SUM (...) OVER 似乎是一个非常有效的函数来实现结果但是当我 运行 下面的查询
Select
assetcountry, edcode, vintage, aa25 as inclusionYrMo, poolcutoffdate, aa74 as status,
AA16 AS employment, AA36 AS product, AA48 AS newUsed, aa55 as customerType,
count(1) as Loans, sum(aa26) as OrigBal, sum(aa27) as CurBal,
SUM(count(1)) OVER (ORDER BY [poolcutoffdate] ROWS UNBOUNDED PRECEDING) as LoanCountCumul,
SUM(aa27) OVER (ORDER BY [poolcutoffdate] ROWS UNBOUNDED PRECEDING) as CurBalCumul,
SUM(aa26) OVER (ORDER BY [poolcutoffdate] ROWS UNBOUNDED PRECEDING) as OrigBalCumul
from myDatabase
where aa22>='2014-01' and aa22<='2014-12' and vintage='2015' and active=0 and aa74<>'1'
group by assetcountry, edcode, vintage, aa25, aa74, aa16, aa36, aa48, aa55, poolcutoffdate
order by poolcutoffdate
我明白了
SQL Error (8120) column aa27 is invalid in the selected list because it is not contained in either an aggregate function or the GROUP BY clause
任何人都可以解释一下吗?谢谢
我相信你想要:
Select assetcountry, edcode, vintage, aa25 as inclusionYrMo, poolcutoffdate, aa74 as status,
AA16 AS employment, AA36 AS product, AA48 AS newUsed, aa55 as customerType,
count(1) as Loans, sum(aa26) as OrigBal, sum(aa27) as CurBal,
SUM(count(1)) OVER (ORDER BY [poolcutoffdate] ROWS UNBOUNDED PRECEDING) as LoanCountCumul,
SUM(SUM(aa27)) OVER (ORDER BY [poolcutoffdate] ROWS UNBOUNDED PRECEDING) as CurBalCumul,
SUM(SUM(aa26)) OVER (ORDER BY [poolcutoffdate] ROWS UNBOUNDED PRECEDING) as OrigBalCumul
from myDatabase
where aa22 >= '2014-01' and aa22 <= '2014-12' and vintage = '2015' and
active = 0 and aa74 <> '1'
group by assetcountry, edcode, vintage, aa25, aa74, aa16, aa36, aa48, aa55, poolcutoffdate
order by poolcutoffdate;
注意累加和表达式中的SUM(SUM())
。
这是我发现的工作方式,将我的结果与一些外部研究数据进行比较。
为了便于阅读,我简化了字段:
select
poolcutoffdate,
count(1) as LoanCount,
MAX(sum(case status when 'default' then 1 else 0 end))

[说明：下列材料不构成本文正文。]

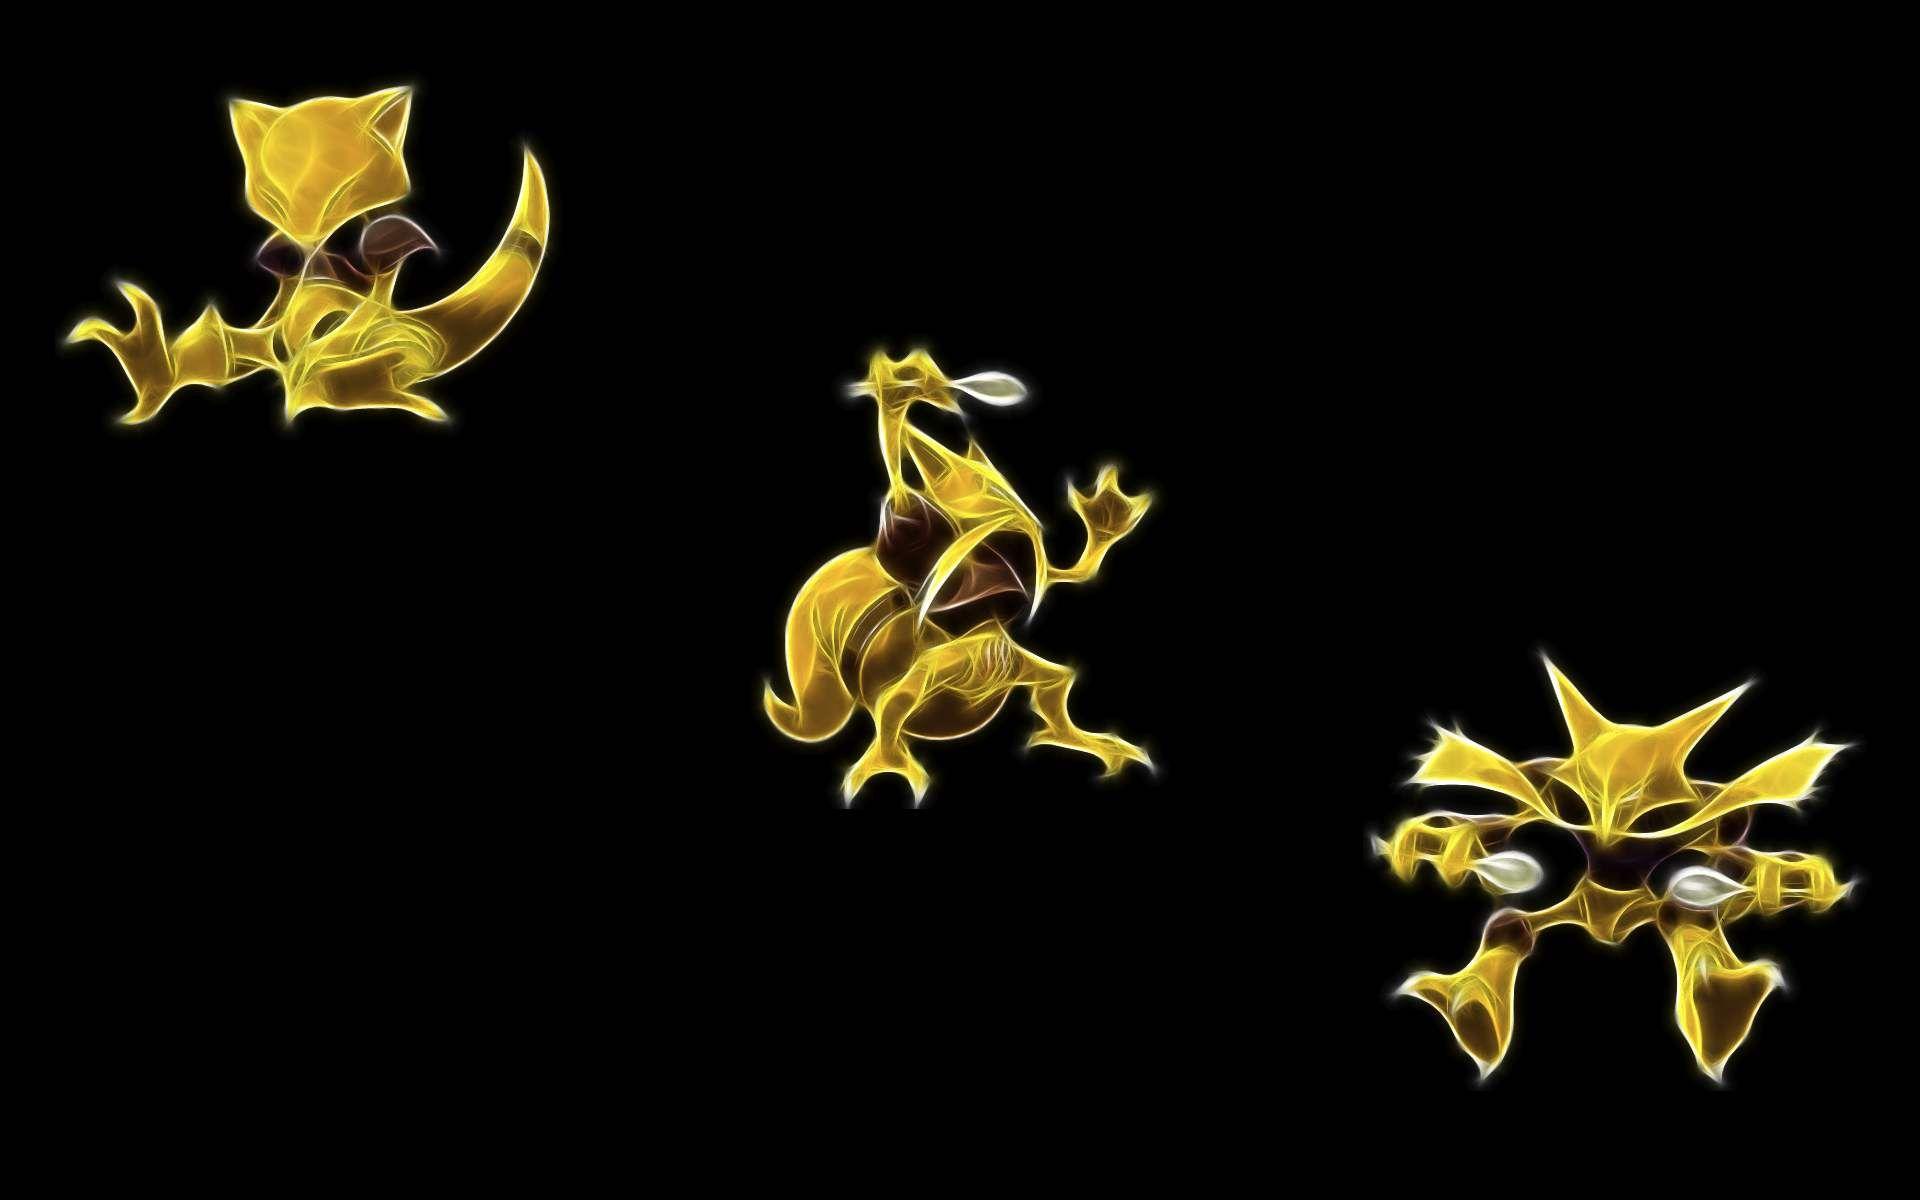 Abra Kadabra Alakazam Evolution | POKEMON :D | Pinterest ...

over (order by poolcutoffdate
ROWS between unbounded preceding AND CURRENT ROW) as CumulDefaults
from myDatabase
group by poolcutoffdate
order by poolcutoffdate asc
因此,我计算了从开始到当前截止日期至少一次处于 'default' 状态的所有贷款。
注意 MAX(SUM()) 的使用,以便结果是从第一行到当前行的各种迭代中的最大值。使用 SUM(SUM()) 会添加各种迭代,从而导致累积量的累积。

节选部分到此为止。